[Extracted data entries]
------------------------------------------------------------
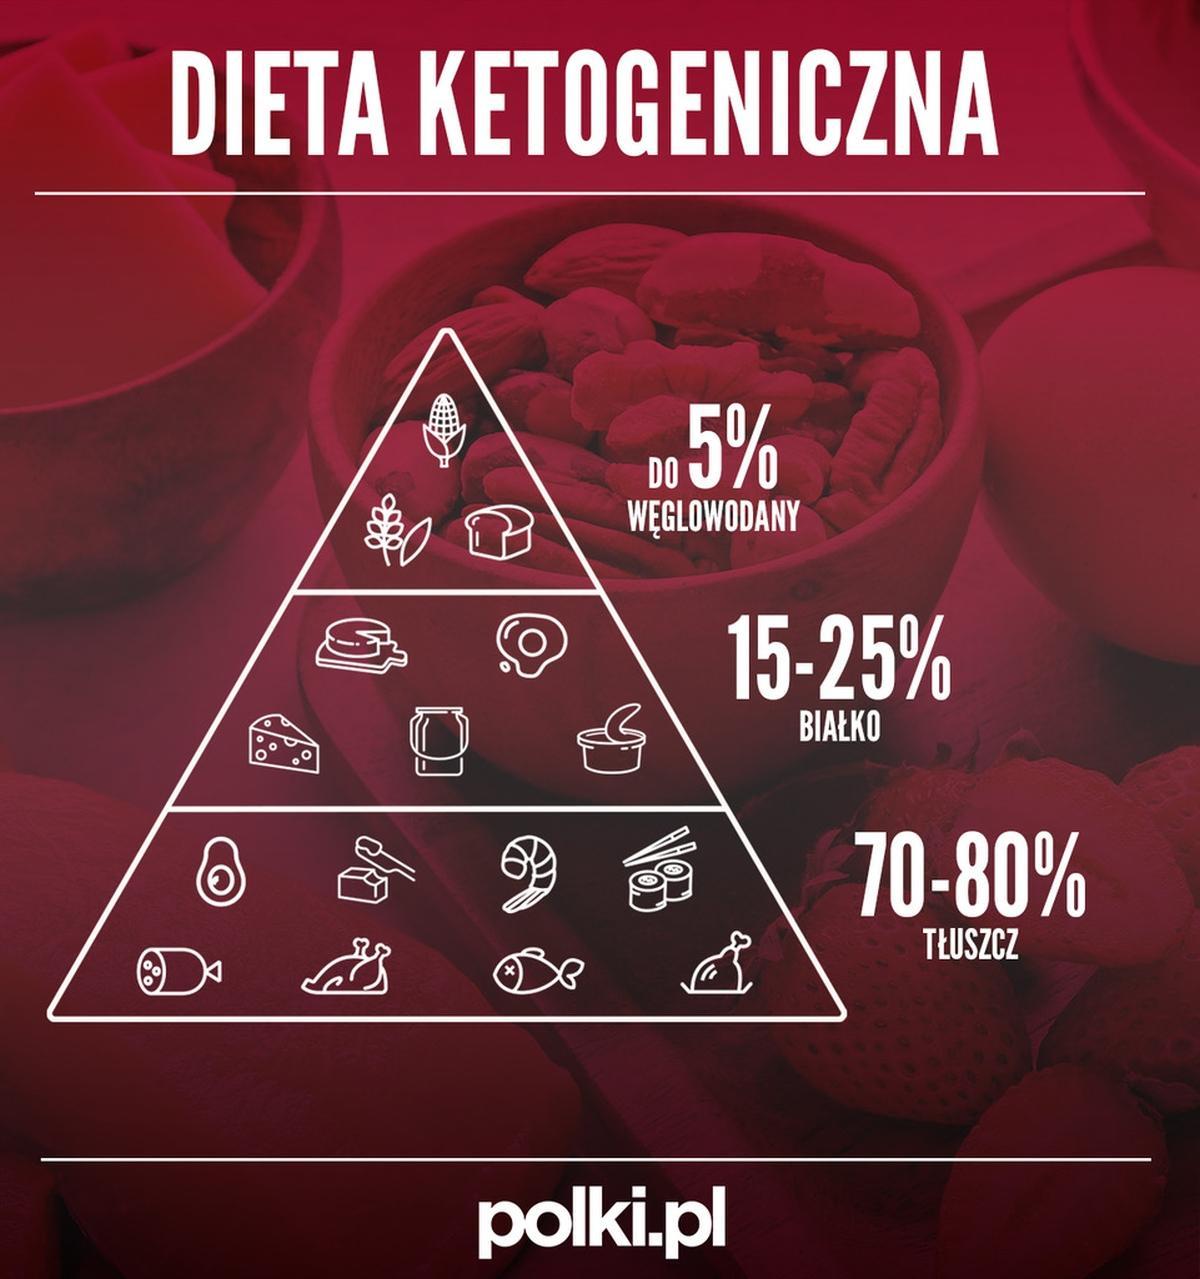 Dieta Ketogeniczna Co Jesc I Jak Ukladac Keto Jadlospis
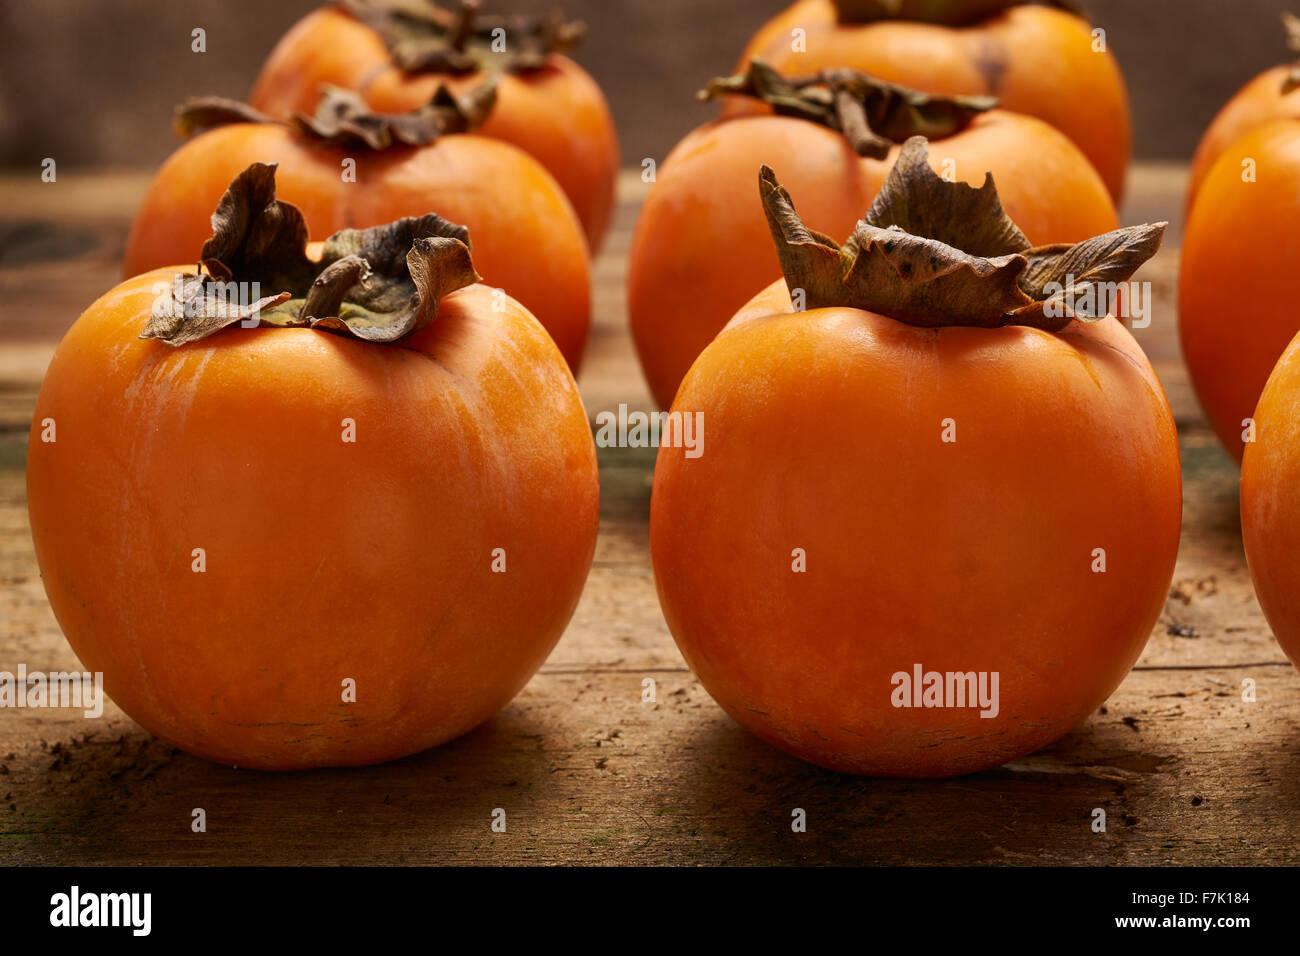 Le kaki orange délicieux composé d'une vieille table en bois Photo Stock
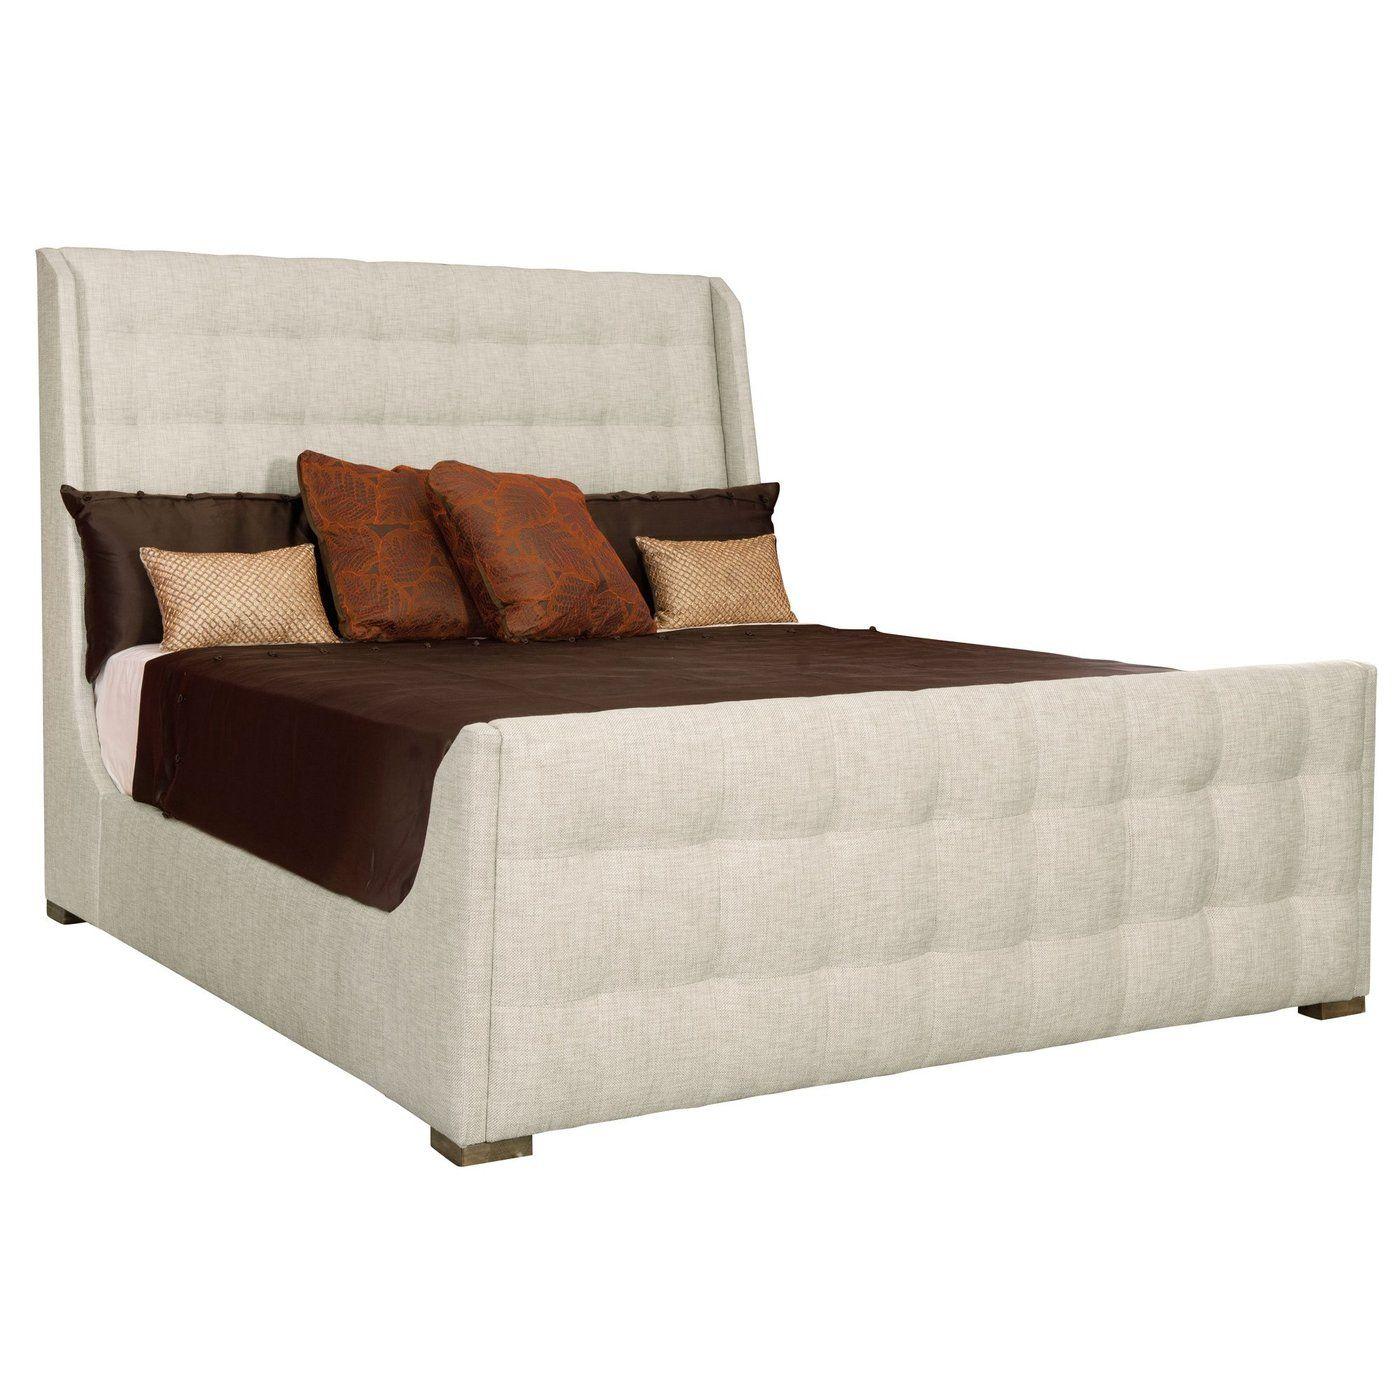 Lysander Upholstered Sleigh Bed Upholstered sleigh bed
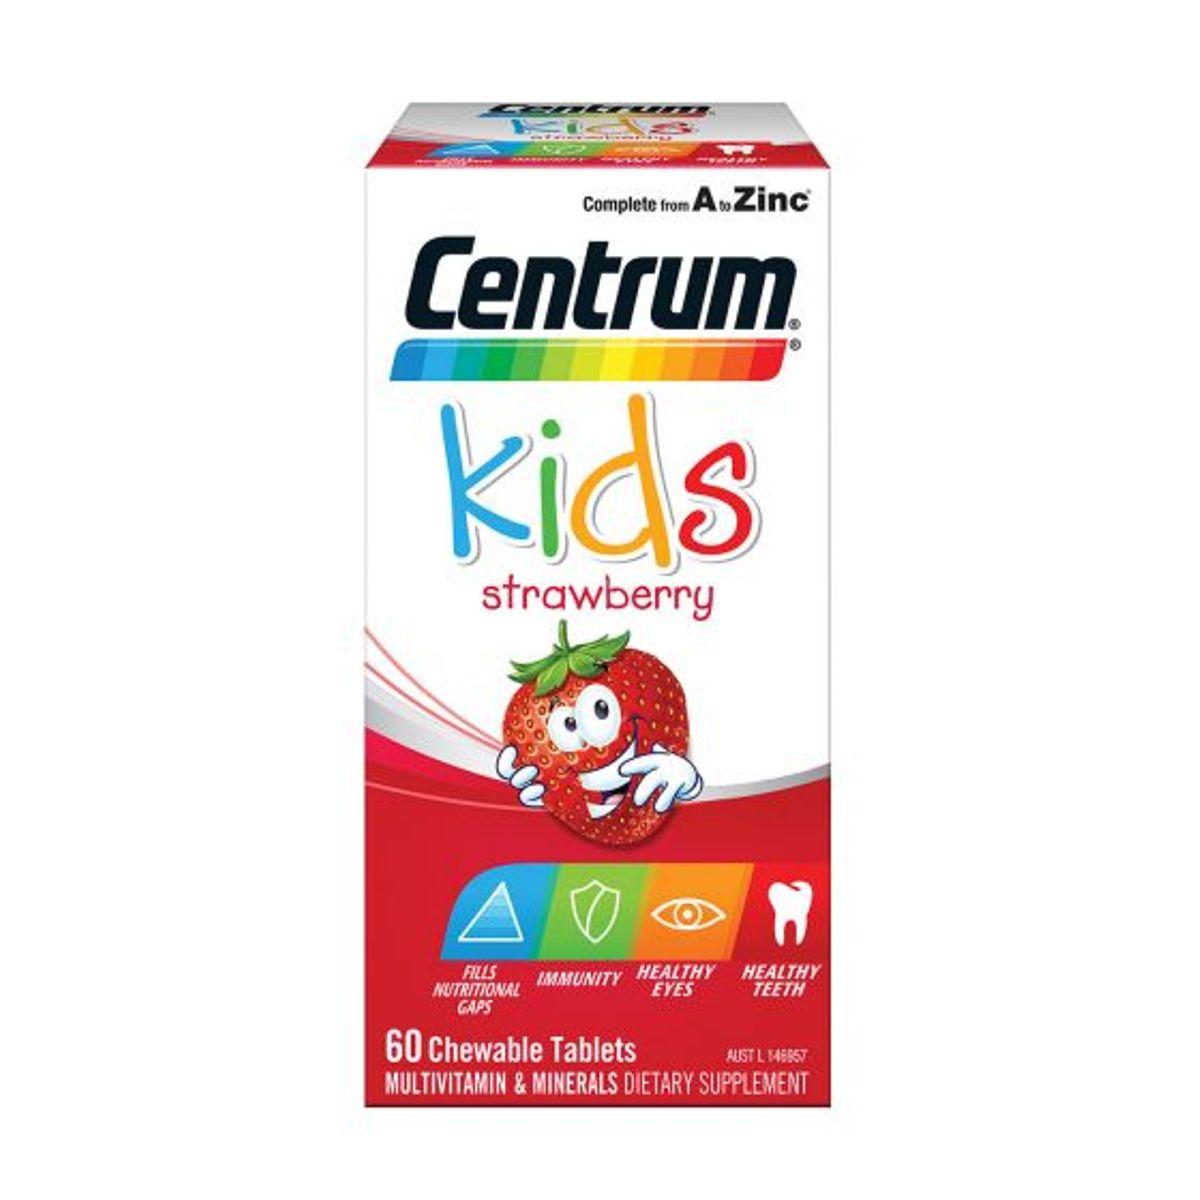 Centrum Kids Multivitamins & Minerals Strawberry 60 Chewable Tablets
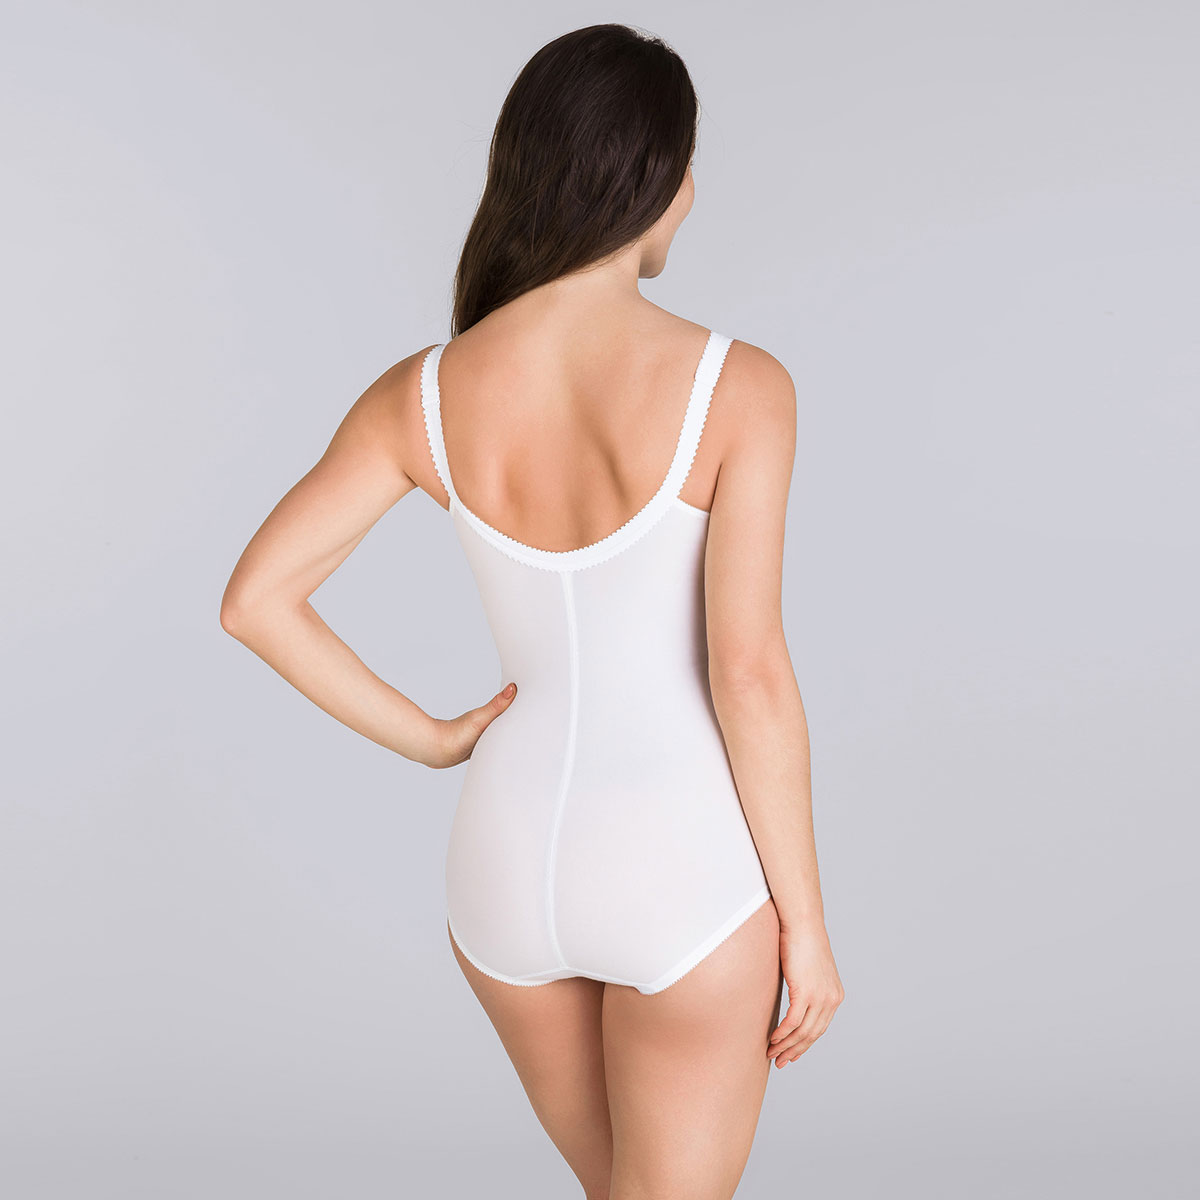 Body Sculptant  Blanc-Incroyable c'est une gaine, , PLAYTEX
------------------------------------------------------------
- _WHAT YOU SHOULD DO_:
Repeat exactly the line containing "Centrum Kids Multivitamins" and every line after it through the end of the records, and nothing else. Leave the pictures out.

- _YOUR SOLUTION_:
 Centrum Kids Multivitamins & Minerals Strawberry 60 Chewable Tablets
 Body Sculptant  Blanc-Incroyable c'est une gaine, , PLAYTEX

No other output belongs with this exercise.